Tom Lane wrote:
> Andrew Dunstan <andrew@dunslane.net> writes:
>> I am seeing Postgres 8.3.7 running as a service on Windows Server 2003
>> repeatedly fail to restart after a backend crash because of the
>> following code in port/win32_shmem.c:
>
> On further review, I see an entirely different explanation for possible
> failures of that code.
>
> It says here:
> http://msdn.microsoft.com/en-us/library/ms885627.aspx
FWIW, this is the Windows CE documentation. The one for win32 is at:
http://msdn.microsoft.com/en-us/library/ms679360(VS.85).aspx
> that GetLastError() continues to return the same error code until
> someone calls SetLastError() to change it. It further says that
> only a few operating system functions call SetLastError(0) on success,
> and that it is explicitly documented whenever a function does so.

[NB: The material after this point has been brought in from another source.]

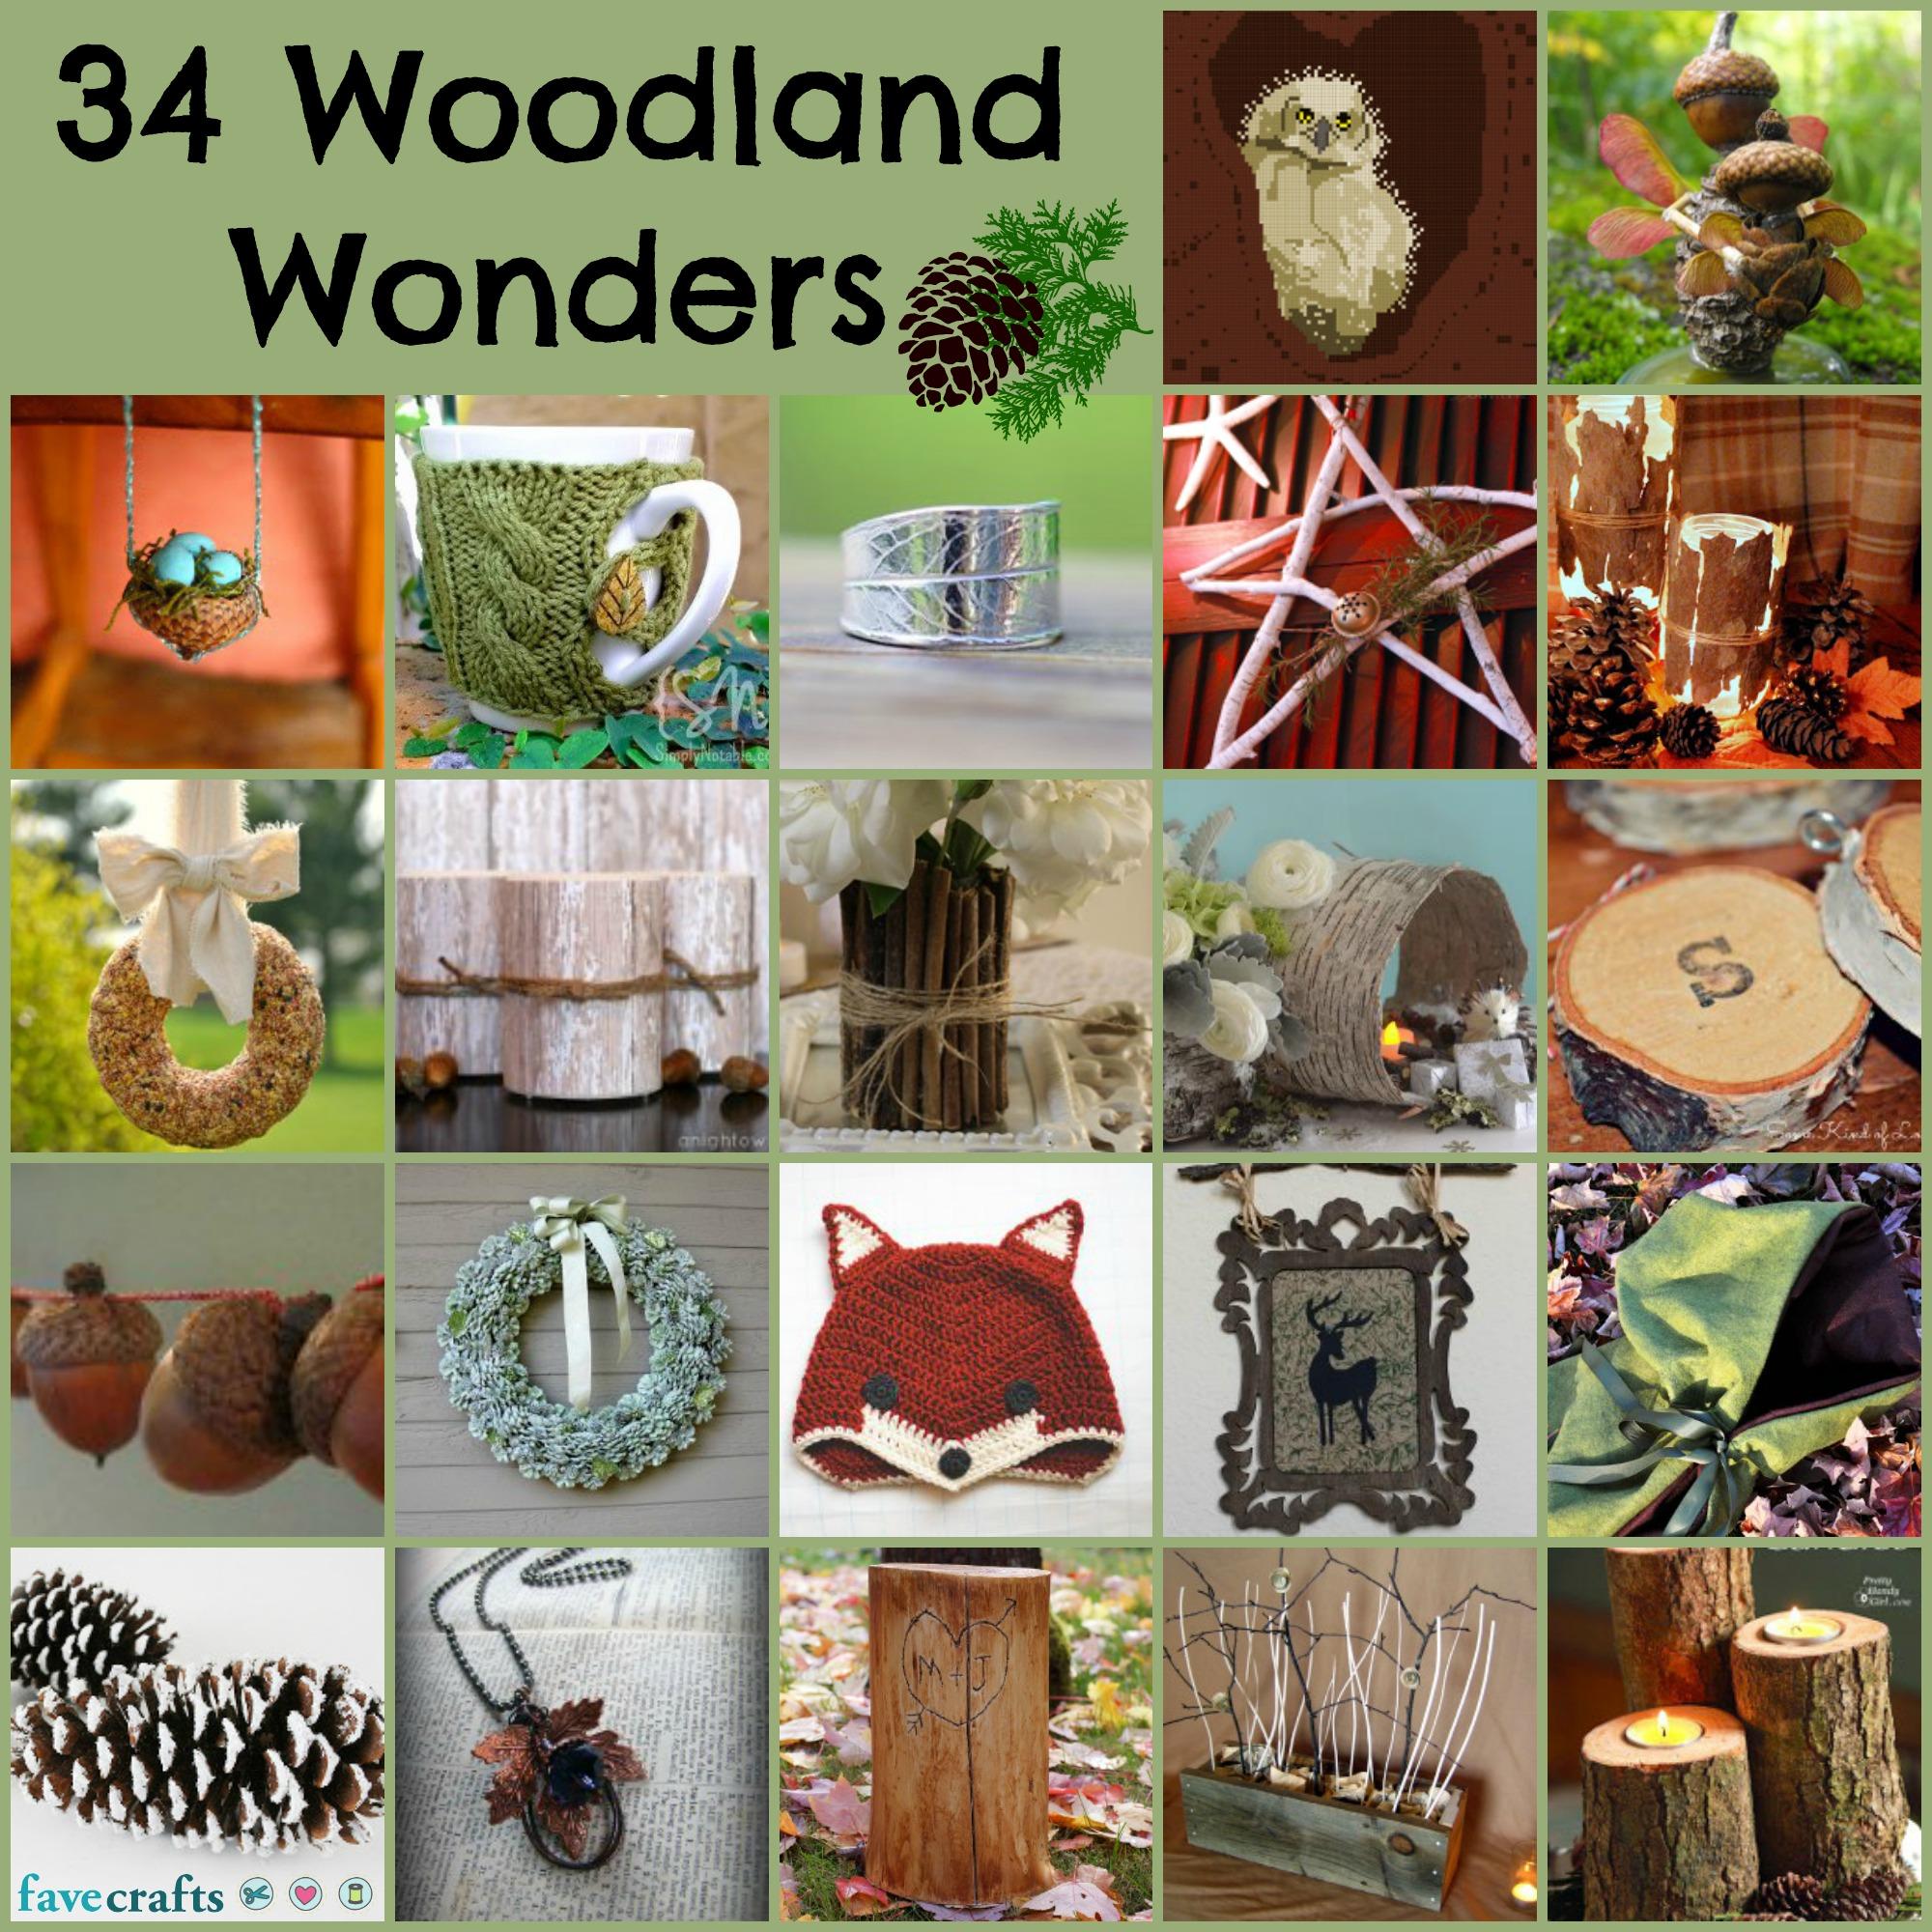 woodland wonders 34 Woodland Wonders

> I see no such statement for CreateFileMapping:
> http://msdn.microsoft.com/en-us/library/aa366537(VS.85).aspx
>
> This leads me to conclude that after a successful creation,
> GetLastError will return whatever the errno previously was,
> meaning that you cannot reliably distinguish creation from non
> creation unless you do SetLastError(0) beforehand. Which we don't.
>
> Now this would only explain problems if there were some code path
> through the postmaster that could leave the errno set to
> ERROR_ALREADY_EXISTS (a/k/a EEXIST) when this code is reached. I'm not
> sure there is one, and I have even less of a theory as to why system
> load might make it more probable to happen. Still, this looks like a
> bug from here, and repeating the create call won't fix it.
The ref page for CreateFileMapping you linked has:
"If the object exists before the function call, the function returns a
handle to the existing object (with its current size, not the specified
size), and GetLastError returns ERROR_ALREADY_EXISTS. "
I think that qualifies as it documenting that it's setting the return
value, no? That would never work if it isn't set to something other than
ERROR_ALREADY_EXISTS (probably zero) when it *didn't* already exist.
The quick try would be to stick a SetLastError(0) in there, just to be
sure... Could be worth a try?
Andrew, just to confirm: you've found a case where this happens
*repeatably*? That's what we've failed to do before - it's happened now
and then, but never during testing...
//Magnus